1. Our data is the age (numerical variable) by__ passenger_class (categorical variable)__.
2. Our test statistic (Kruskal-Wallis chi-squared) is 116.08, our degrees of freedom (df) are 2, and our P -value < 2.2e-16.

What conclusions can you draw from your output?
" P < 0.05, therefore our results are statistically significant, and we reject the H0. Our data deviate from our null expectations, and are not due to chance. At least one group mean differs from the others. Age differs among ticket class."

Now it’s time to practice on your own.

1. Common cuckoos (Cuculus canorus), a passerine native to Eurasia, uses a parasitic breeding strategy to avoid raising their own young. Instead of laying eggs in their own eggs, cuckoos lay their eggs in the nests of other species, for example, Eurasian Reed Warblers (Acrocephalus scirpaceus). Studies have shown that cuckoos have evolved to lay eggs that are similar in colour to the eggs of the host species, but what about egg size? Do cuckoos lay eggs similar in size to the eggs of their hosts? Data on length of cuckoo eggs laid in nests of varying host species can be found here: https://github.com/lczawadzki/biostats/raw/main/data/cuckooeggs.csv.

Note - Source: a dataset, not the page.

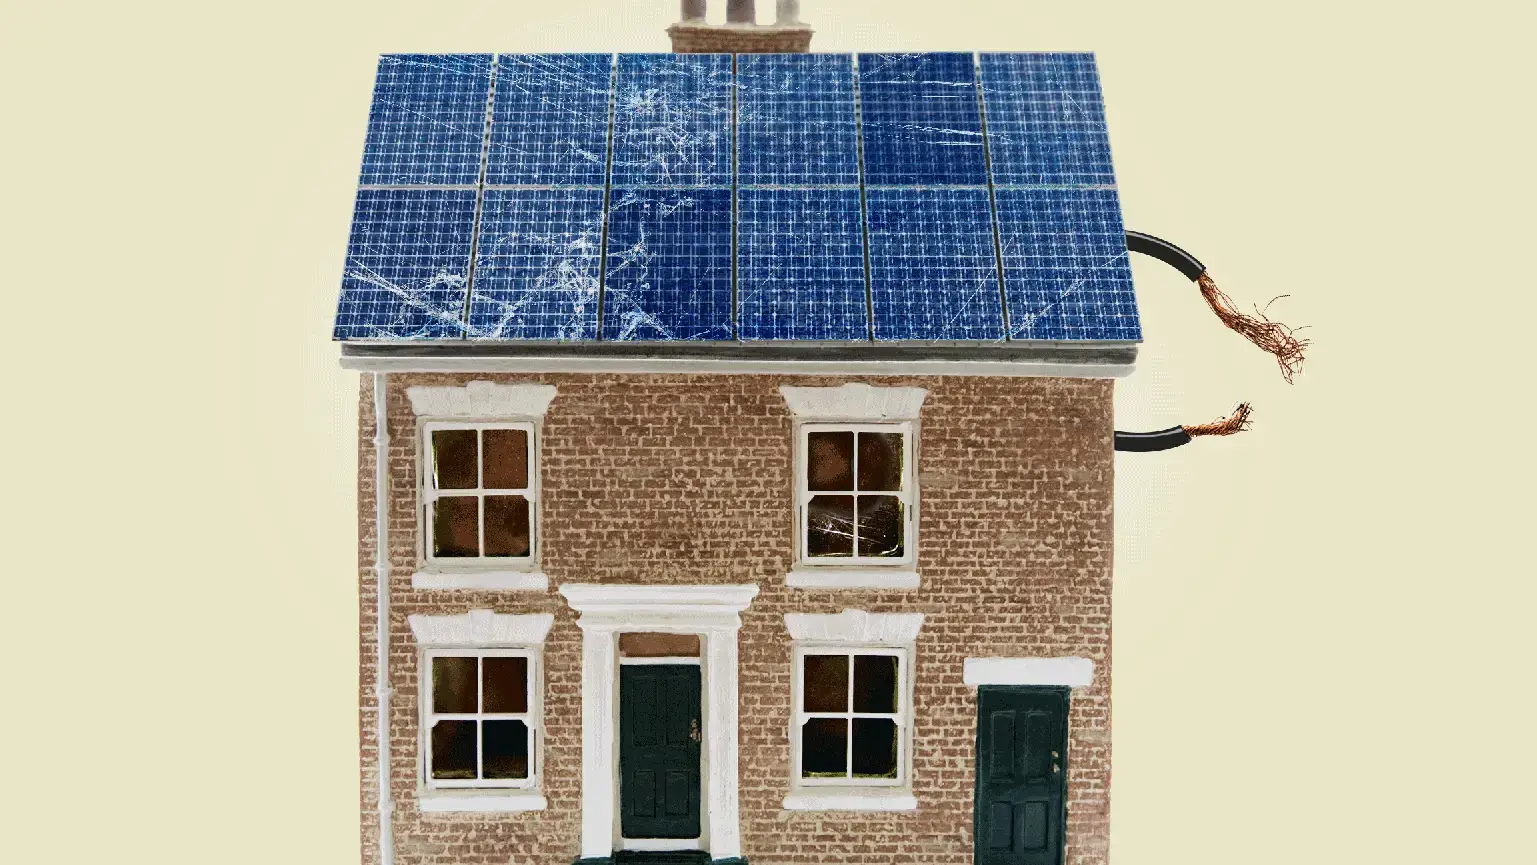 Rooftop solar power has a dark side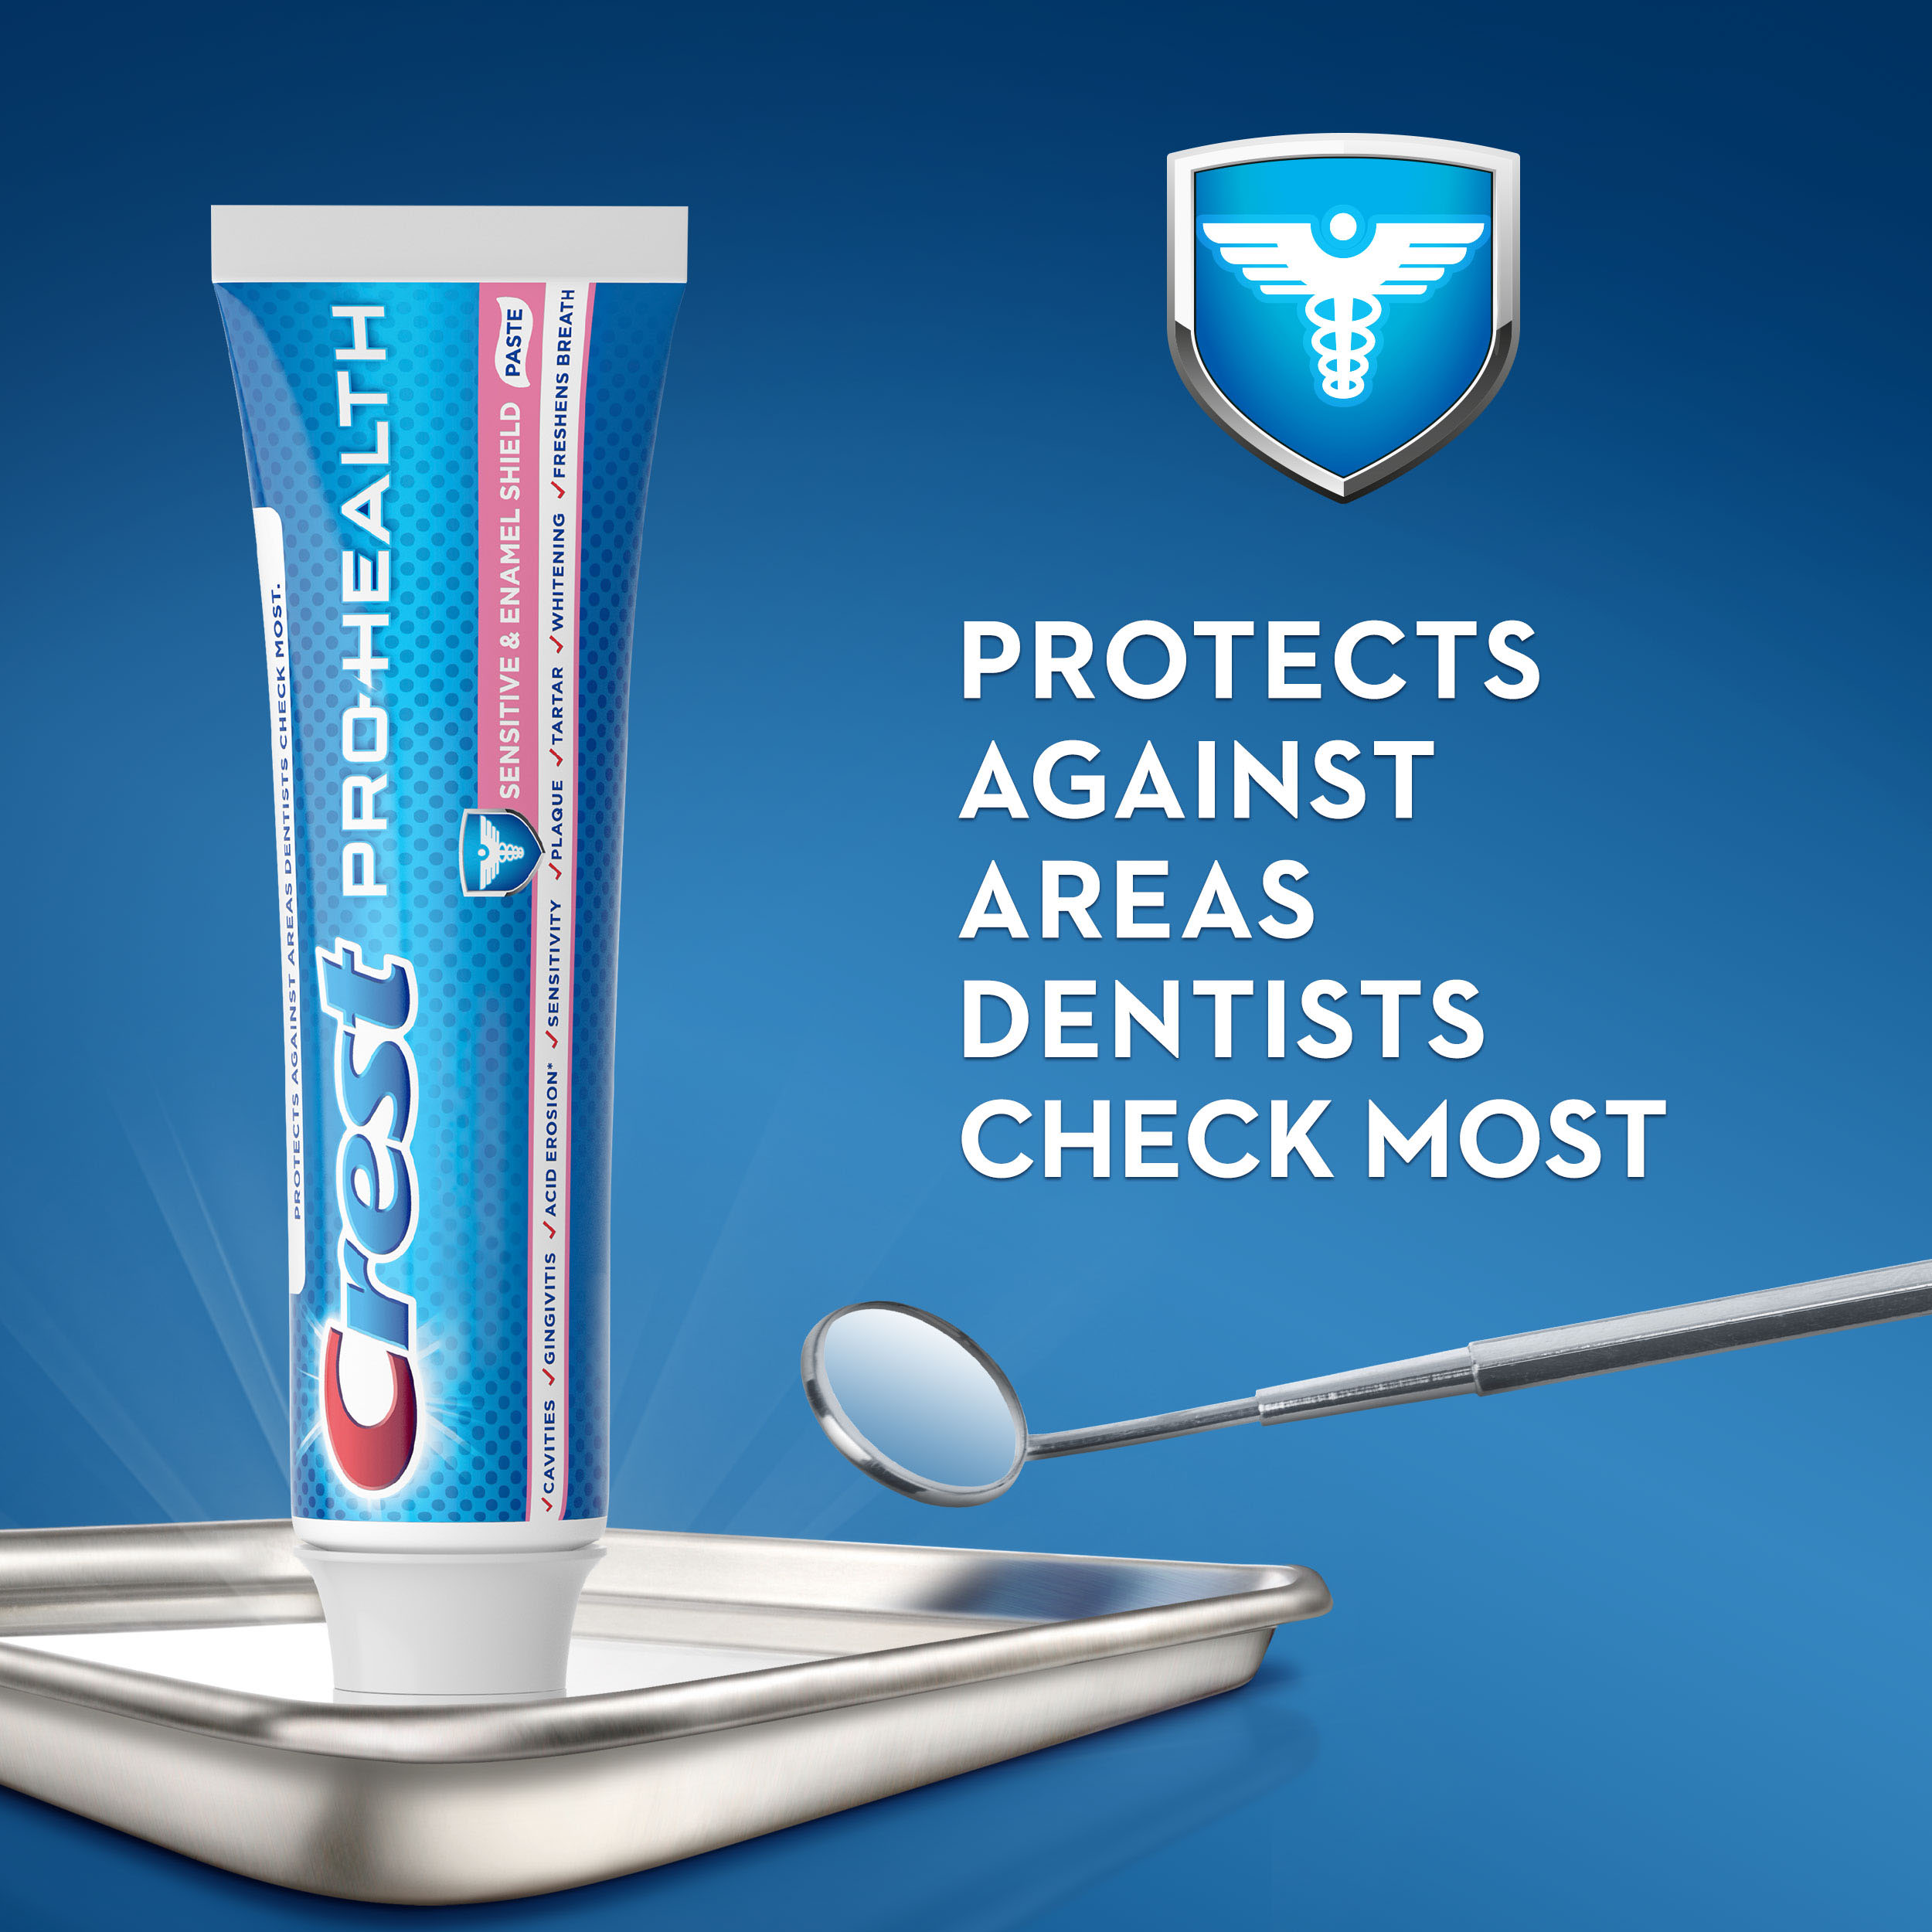 Crest Pro-Health Sensitive & Enamel Shield Toothpaste, 4.6 oz, Pack of 3 - image 4 of 7

   a. How many groups of host species are there in this dataset? b. Report your null hypothesis. c. Use ANOVA to test for a difference between host species in the mean size of the cuckoo eggs in their nests. What is your conclusion (statistical decision, and final conclusion in language relevant to the problem)? d. Assuming that your ANOVA rejected the null hypothesis, use a Tukey-Kramer test to decide which pairs of host species are significantly different from each other in cuckoo egg mean length. What is your conclusion?

2. Animals infected with pathogens often experience a disturbance in their circadian rhythm (i.e. their endogenous daily cycle). Shirasu-Hiza et al. (2007) tested whether the mechanism of circadian timing itself could have an effect on disease. They tested this idea by sampling three groups of fruit flies – one “normal”, one with a mutation in the timing gene tim01, and one group that was heterozygous for the tim01 mutation. Flies were exposed to a dangerous bacteria, Streptococcus pnuemoniae, and the number of days that they lived after exposure were recorded. Data on this study are here: https://github.com/lczawadzki/biostats/raw/main/data/circadian_fly.csv.

Plot a histogram of each of the three groups. Do these data match the assumptions of an ANOVA?

Use a Kruskal-Wallis test to ask whether lifespan differs between the three groups of flies.

a\. Plot a separate histogram for each fly group. Do these data match assumptions of an ANOVA?  
b\. Use a Kruskal-Wallis test to ask whether lifespan differs between the three groups of flies. What is your conclusion (statistical decision, and final conclusion in language relevant to the problem)?